Winter storms in the Gulf of Mexico overtook a small ship beating her way from New Orleans to Galveston in January, 1851. Despite the fact that she had been condemned as unsafe, she carried 100 passengers. One of these was a French priest, 37 years old, who on November 24, 1850, in Cincinnati, Ohio, had been consecrated a bishop. Carrying with him the papal bull of Pius IX, which appointed him as vicar apostolic of New Mexico, he was on his way to Santa Fe. In the icy darkness of gales at sea he faced uncertainties, immediate and remote, for the ship held small promise of delivering him safely to shore, and he knew little enough of what might await him if he should survive the voyage.

In fact, he was traveling toward a job of work vast in scale. His new ecclesiastical province embraced a corner of present-day Nevada, about a fourth of Colorado, and all of Arizona and New Mexico except the southern strip which would presently be added by the Gadsden Purchase. Taken together, these lands were larger than the whole of his native France.

Their physical character was formidable—great elevated deserts divided at far intervals by forbidding mountains and threaded by only a few long, meager rivers with narrow belts of green life.
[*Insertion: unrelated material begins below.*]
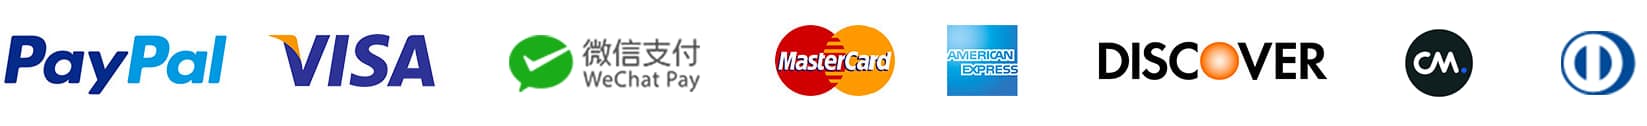 payment methods: 微信支付、PayPal、 Discover、 Visa (含Visa Electron)、 Mastercard、AMEX、 Maestro和Diner's Club

There were few towns, and almost all of these lay widely separated along the valley of the Rio Grande in New Mexico. The population consisted largely of Spanish-Mexicans and Pueblo Indians. Until the year before they had belonged to the Mexican Republic; but in 1848 their territory had come to the United States as part of the settlement following the war with Mexico.
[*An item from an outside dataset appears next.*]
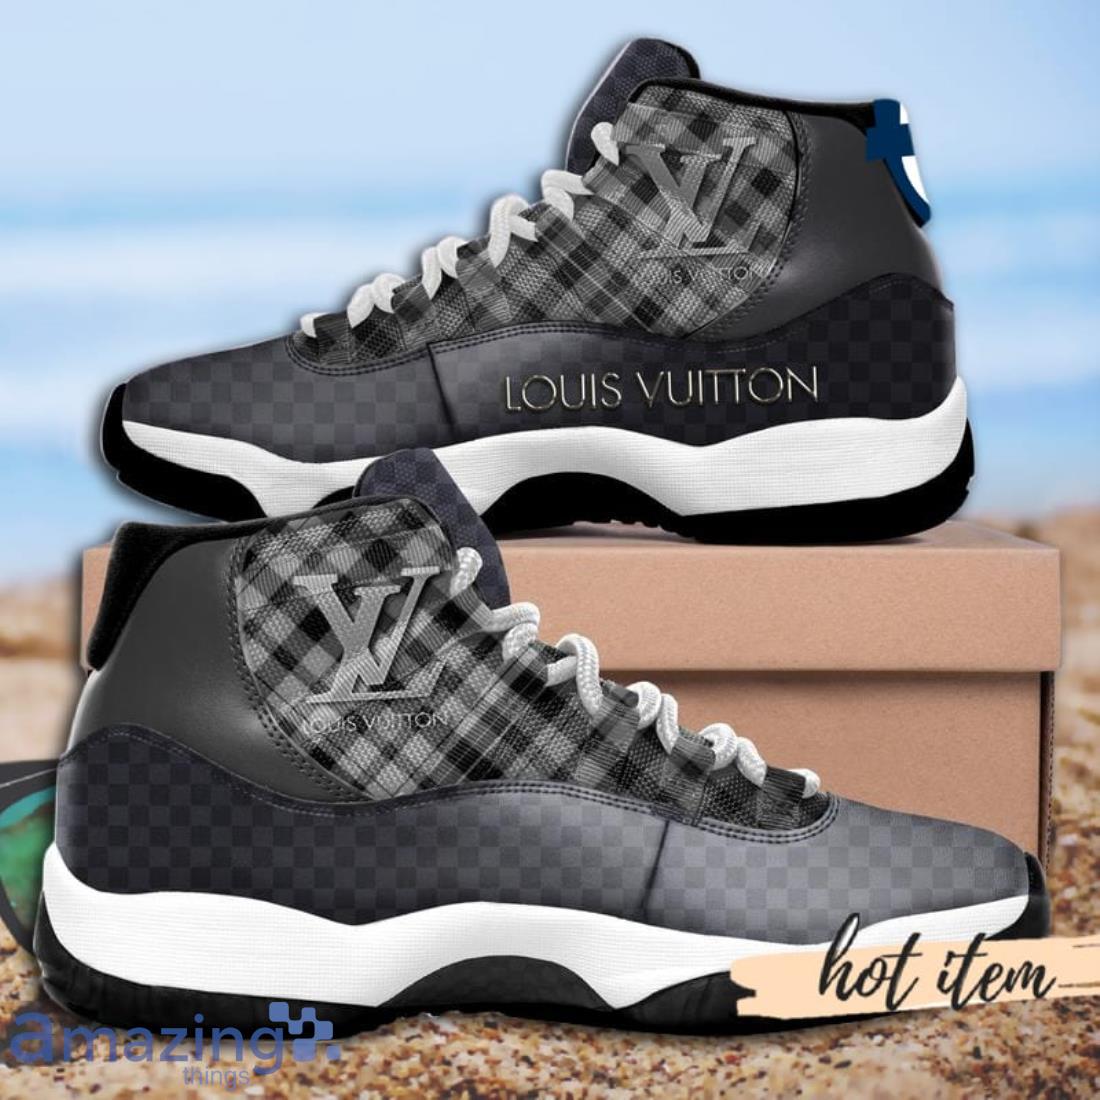 Louis Vuitton Ver 6 Air Jordan 11 Shoes Fashsion Shoes

Previously, New Mexican ecclesiastical affairs had rested under the jurisdiction of the Bishop of Durango, in central Mexico, 1,500 miles from Santa Fe. When New Mexico and her adjacent areas became United States territory, not only civil affairs, but also the administration of the Church came within the new national frame. It was as a consequence of the Mexican War that social and religious conditions in the great Latin and Indian Southwest arrested the attention of the American bishops meeting in national council at Baltimore in the summer of 1819.

Periodically ever since 1630 the great lost province of Spain, and later of Mexico, on the northern Rio Grande, had asked for a bishop of its own to be seated at Santa Fe, but to no avail. Generations went by without an episcopal visitation to the exiled North, while mission friars struggled to hold their authority against the civil governors and even broke into quarrels with their distant and invisible bishop at Durango. In the early nineteenth century the long process of secularization began with the dismissal of the Franciscans, and without a bishop to guide it on the scene the Church fell upon unhappy days. The absence of a spiritual leader seemed like a symbol of the abandonment of the province.